On 12/03/2009 07:03 AM, Ma, Ling wrote:
>> a key question is.. how much more memory do you have free due to -Os?
>> (because memory is cache is performance on a system level as well)
> The kernel code size from Os is 12M, that from O2 is 14M.
>> and how much less icache pressure is there?
> From perf stat report, cache reference(unified cache) from O2 is almost the same with Os.

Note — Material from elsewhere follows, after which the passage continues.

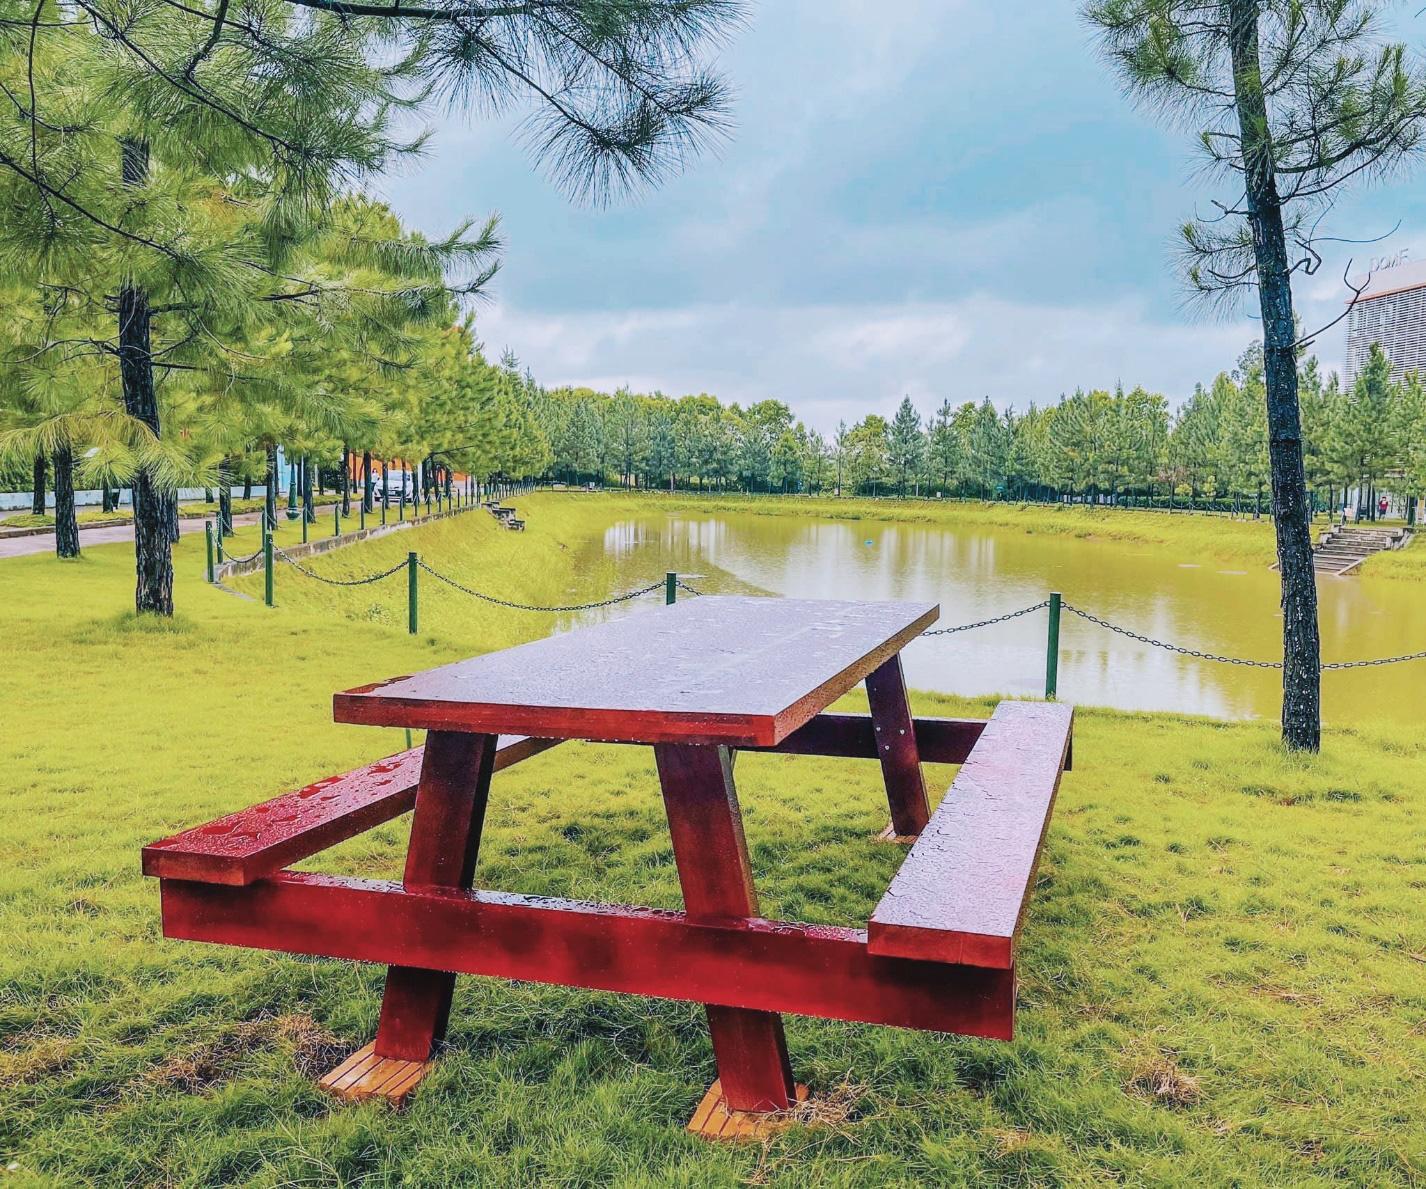 Cận cảnh khu cách ly Covid-19 xanh mát tại campus Hòa Lạc - Ảnh 4.

The icache pressure was substantially higher (by ~10%) in the reports
that I saw.

-hpa

--
H. Peter Anvin, Intel Open Source Technology Center
I work for Intel. I don't speak on their behalf.

2009-12-03 15:31:22

by Ingo Molnar

[permalink] [raw]
Subject: Re: [PATCH RFC] [X86] Compile Option Os versus O2 on latest x86 platform


* H. Peter Anvin <[email protected]> wrote:

> On 12/03/2009 07:03 AM, Ma, Ling wrote:
> >> a key question is.. how much more memory do you have free due to -Os?
> >> (because memory is cache is performance on a system level as well)
> > The kernel code size from Os is 12M, that from O2 is 14M.
> >> and how much less icache pressure is there?
> > From perf stat report, cache reference(unified cache) from O2 is almost the same with Os.
>
> The icache pressure was substantially higher (by ~10%) in the reports
> that I saw.

hm, icache numbers are not included in perf stat runs by default. Are
there some icache numbers i missed perhaps?

Ingo

2009-12-03 15:50:52

by H. Peter Anvin

[permalink] [raw]
Subject: Re: [PATCH RFC] [X86] Compile Option Os versus O2 on latest x86 platform

On 12/03/2009 07:31 AM, Ingo Molnar wrote:
>
> * H. Peter Anvin <[email protected]> wrote:
>
>> On 12/03/2009 07:03 AM, Ma, Ling wrote:
>>>> a key question is.. how much more memory do you have free due to -Os?
>>>> (because memory is cache is performance on a system level as well)
>>> The kernel code size from Os is 12M, that from O2 is 14M.
>>>> and how much less icache pressure is there?
>>> From perf stat report, cache reference(unified cache) from O2 is almost the same with Os.
>>
>> The icache pressure was substantially higher (by ~10%) in the reports
>> that I saw.
>
> hm, icache numbers are not included in perf stat runs by default. Are
> there some icache numbers i missed perhaps?
>

Sorry, you're right; cache references and cache misses. Furthermore,
I'm wrong, I was looking at references *per unit time*, which just show
that roughly the same number was squeezed into a shorter time.

Never mind me... :-/

-hpa

--
H. Peter Anvin, Intel Open Source Technology Center
I work for Intel. I don't speak on their behalf.